[[ Record extracts open ]]
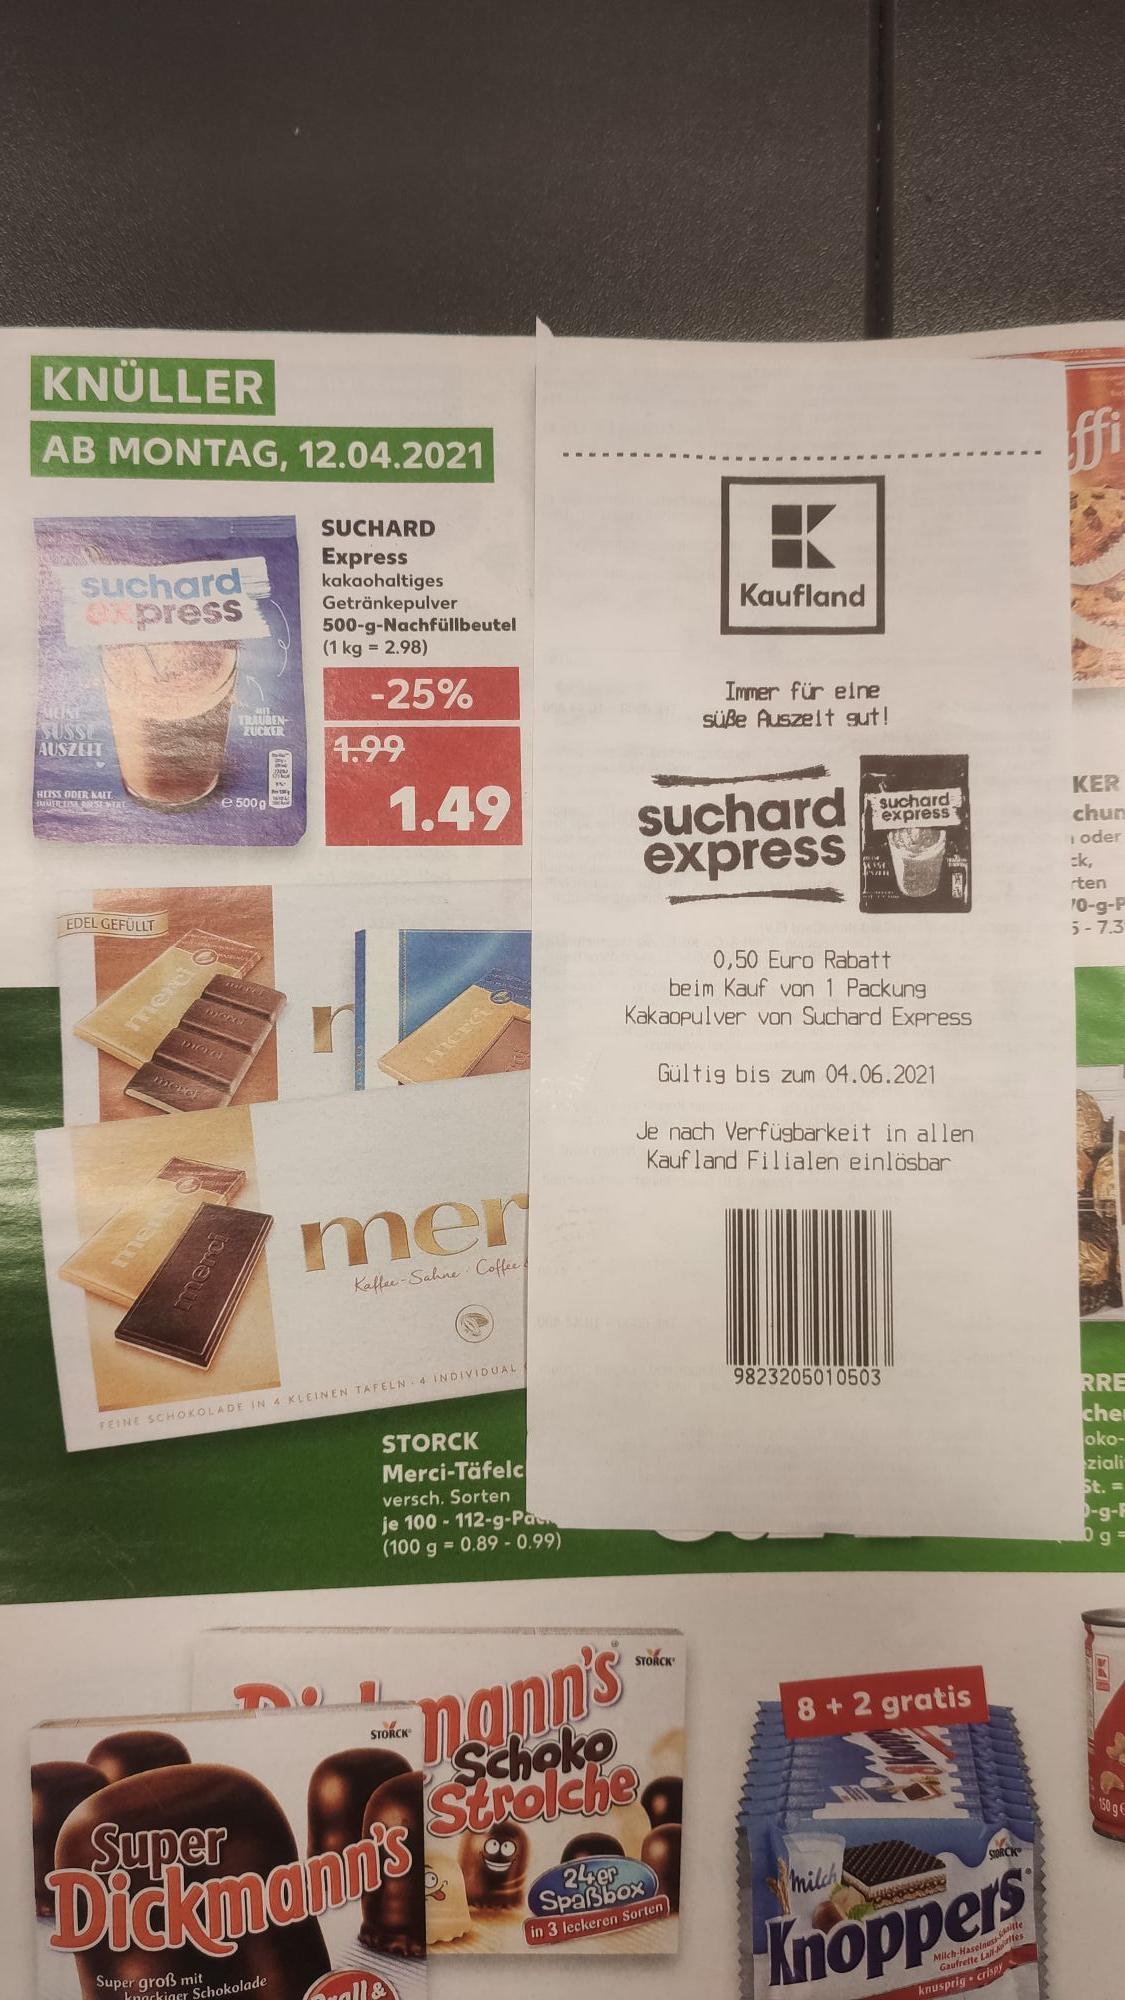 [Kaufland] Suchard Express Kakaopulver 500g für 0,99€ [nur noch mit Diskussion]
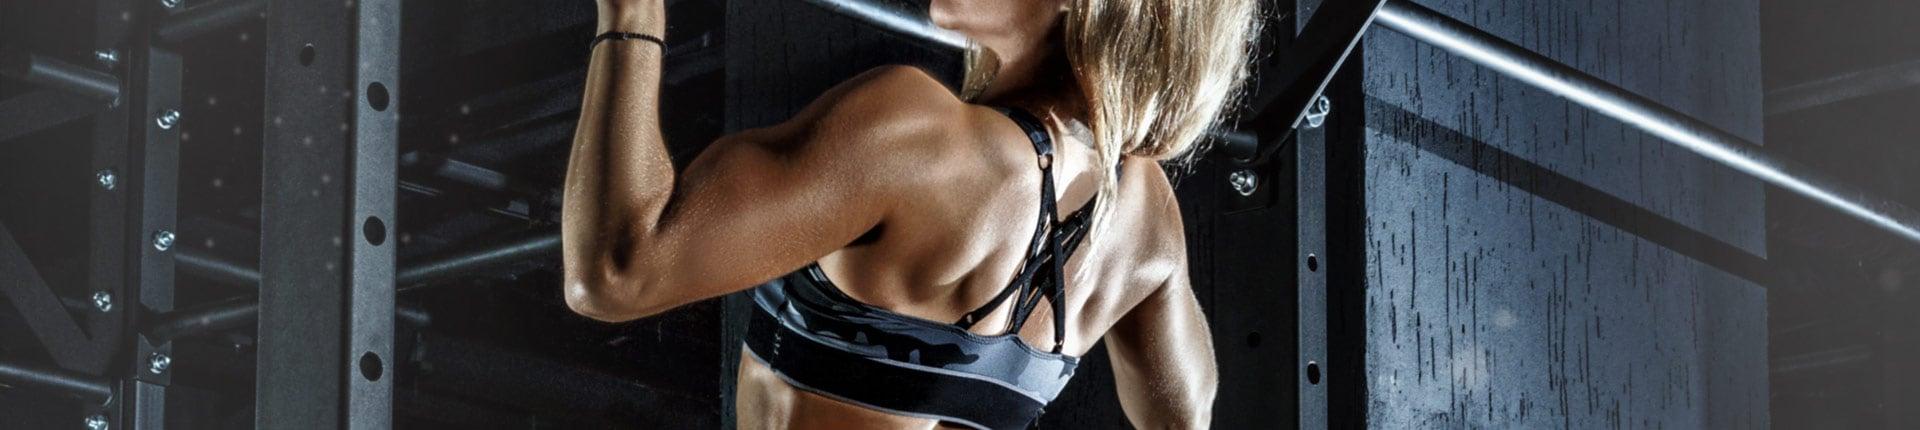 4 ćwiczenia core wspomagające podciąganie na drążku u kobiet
[[ Record extracts closed ]]
[[ Record extracts open ]]
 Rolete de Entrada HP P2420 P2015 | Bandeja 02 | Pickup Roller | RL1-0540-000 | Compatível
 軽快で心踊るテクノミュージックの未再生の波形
[[ Record extracts closed ]]
* [Exercise description]:
In the listing above, transcribe exactly everything from the line containing "Rolete de Entrada" down to the line containing "軽快で心踊るテクノミュージックの未再生の波形", including both and nothing more.

* [Your response]:
 Rolete de Entrada HP P2420 P2015 | Bandeja 02 | Pickup Roller | RL1-0540-000 | Compatível
 軽快で心踊るテクノミュージックの未再生の波形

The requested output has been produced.